Title: The Art of Raising a Puppy
Author: Monks of New Skete
What of ourselves? In actuality the monk’s journey is everyone’s journey, though in our frenetic world of activity and distraction we often miss the fact that we are also desert wanderers. Who or what leads us? In this day and age, we are dangerously out of touch with the nonhuman world around us, leaving our hearts dulled and our vision blurred. Nothing impresses us anymore, and we travel farther into a disharmonious cavern of individualism, with ourselves as guides. We arrogantly “process” reality through preconceived notions that are sterile and cold. Our world is stripped of a profound and compelling mystery.
Some of you may be wondering why my blog is named “Synopses by Sarge” when my name is Nikki. For those of you that are close to me, you’ll know it is because of recent acquisition of my new best friend and companion, Sarge, also know as my black German Shepherd puppy (Christmas picture of Sarge from the breeder shown below).

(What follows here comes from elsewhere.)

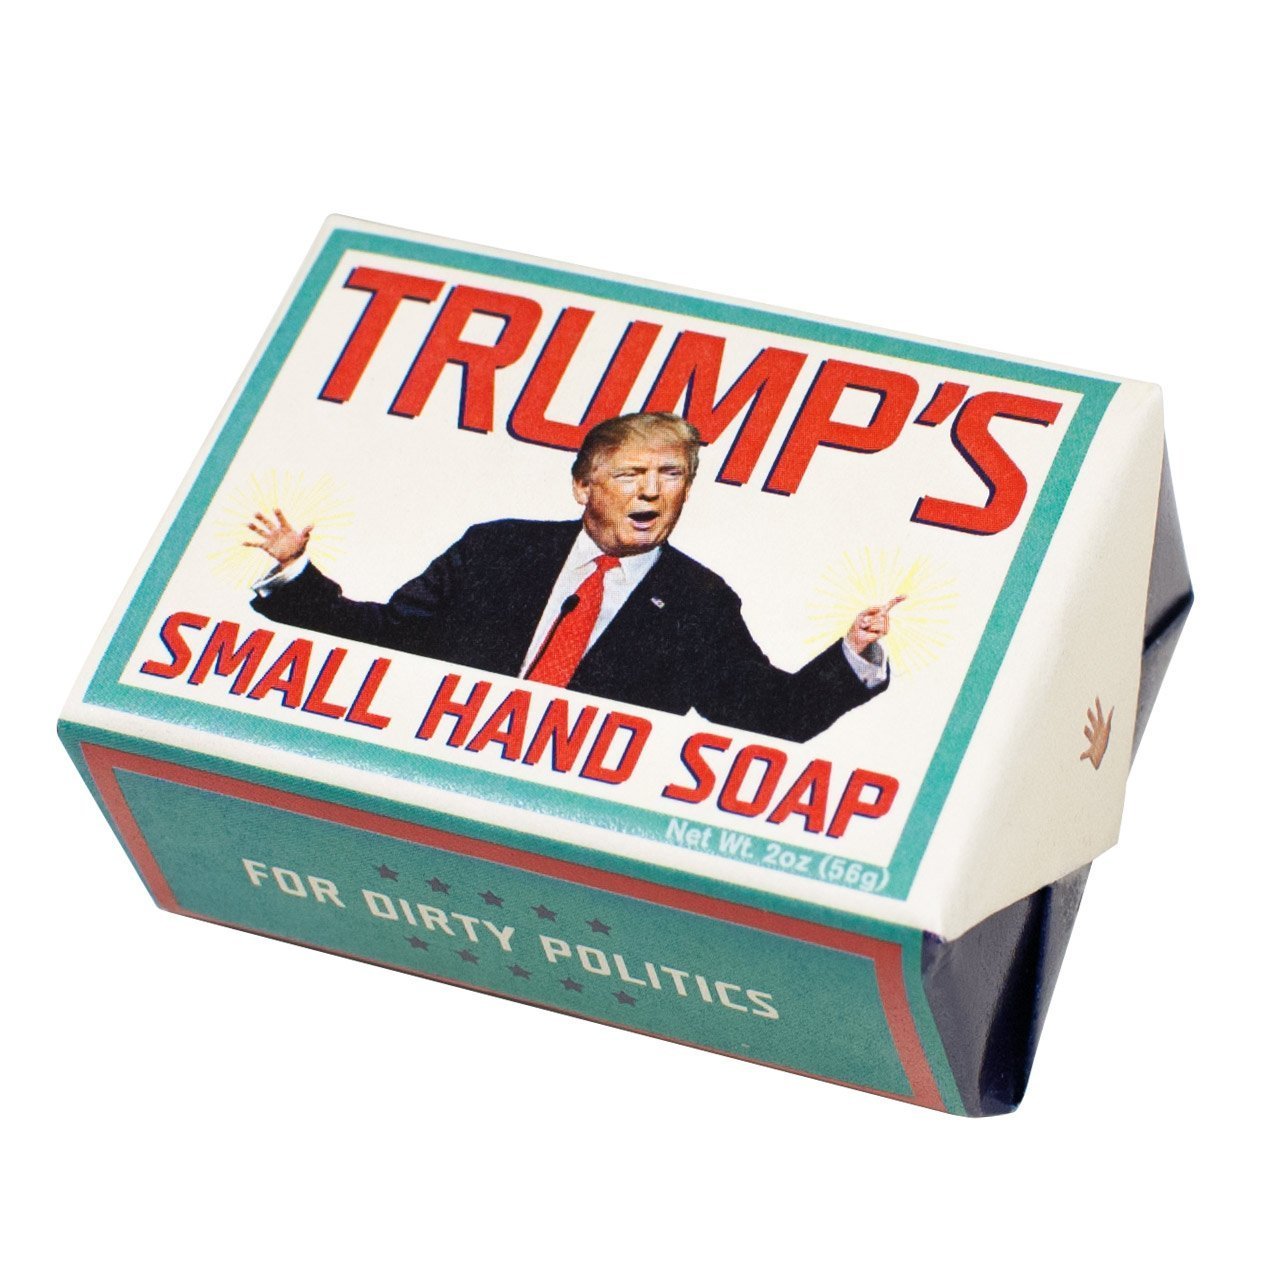 Trump’s Small Hand Soap

The Art of Raising a Puppy is the second novel I have read written by the Monks of New Skete (How To Be Your Dog’s Best Friend being the first). The first was recommended by my breeder and I am so grateful for the recommendation. Surprisingly not super technical in verbage (I expected the writing to be insufferably proper), the ease with which all new owners can read and learn about the proper technique for raising a puppy was pleasant and fulfilling.
Learning the value of silence is learning to listen to, instead of screaming at, reality: opening your mind enough to find what the end of someone else’s sentence sounds like, or listening to a dog until you discover what is needed instead of imposing yourself in the name of training.

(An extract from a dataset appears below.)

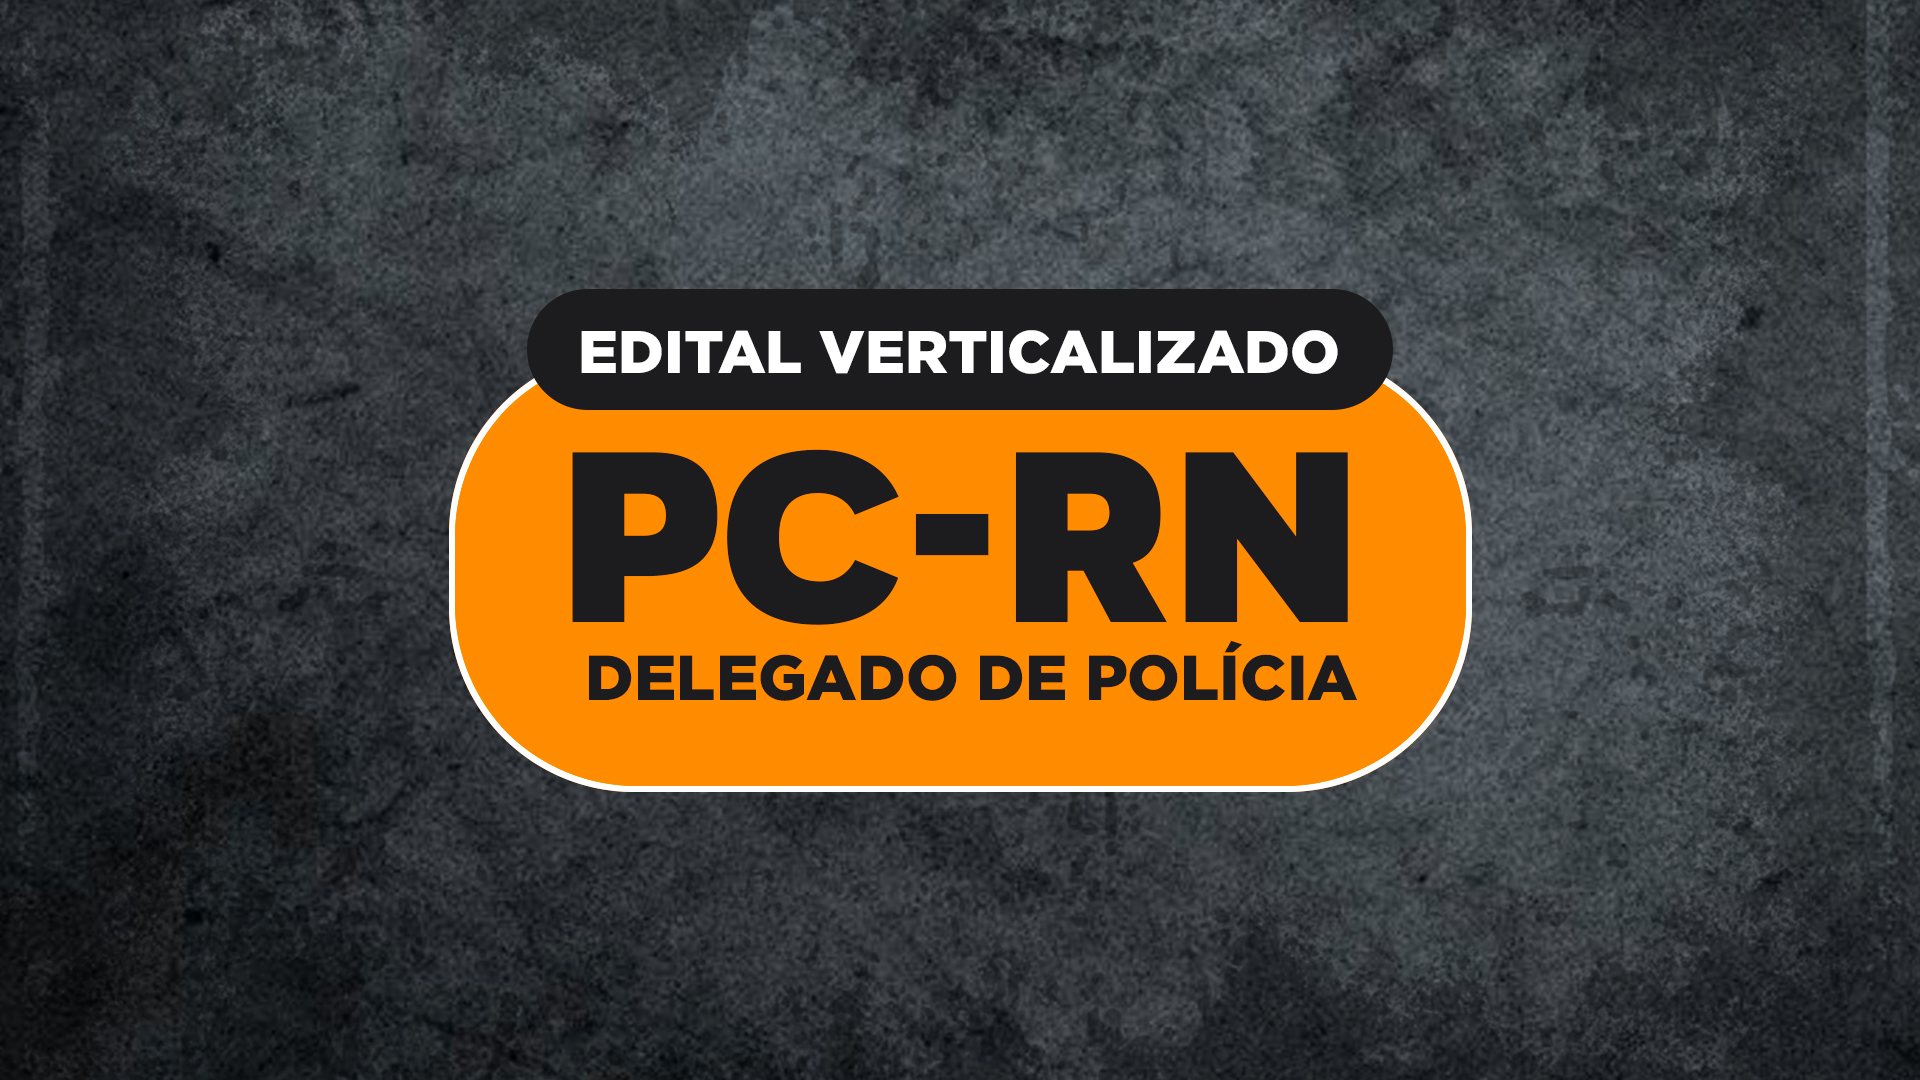 PC-RN (Delegado de Polícia 2020): Edital verticalizado

Having had a dog present in my life for all but four months (the time between the death of a previous dog and receiving a new generation of doggy life), I became attune to the “myths” of training. Granted, all of my family’s previous dogs were well-behaved, I have come across dogs who didn’t possess these same qualities: piddling in excitement of new people, greeting by jumping up, and bad reception to recall to name a few. By reading this novel, I learned that to really train your dog to be a part of your every day life successfully, you need to understand your dog. Sounds easy, but it is actually quite difficult. We may interpret behaviors based on what we have heard previously and act in accordance with that way, when, in reality, the way we act has the complete opposite effect.
For example, I mentioned earlier the piddling in excitement or submission at the greeting of owners or when meeting new people. From reading the words of wisdom by the Monks of New Skete, I interpreted this very act wrong from what I have heard in the past having seen this as a dog being over-excited. A very submissive dog will piddle at the feet of his owner or someone new as a sign of submission. This could be a reaction from the way we approach the dog, with high-pitched voices or looming above the dog. A way to infringe upon this is to crouch down with arms wide open, or to have the dog sit as we greet our friend. A dog is less likely to piddle while sitting as it is uncomfortable for them.
Overall, this novel was a great refresher to read before getting another best friend and companion (it’s been 13 and a half years since my last puppy). Not only did it teach me the basic principles of raising a puppy, but it helped me to better understand my puppy as an individual. Knowing this will create a lasting impression on both of us and strengthen our relationship with each other. I would definitely recommend this for anyone getting a puppy for the first time or if it has been a while since having a puppy.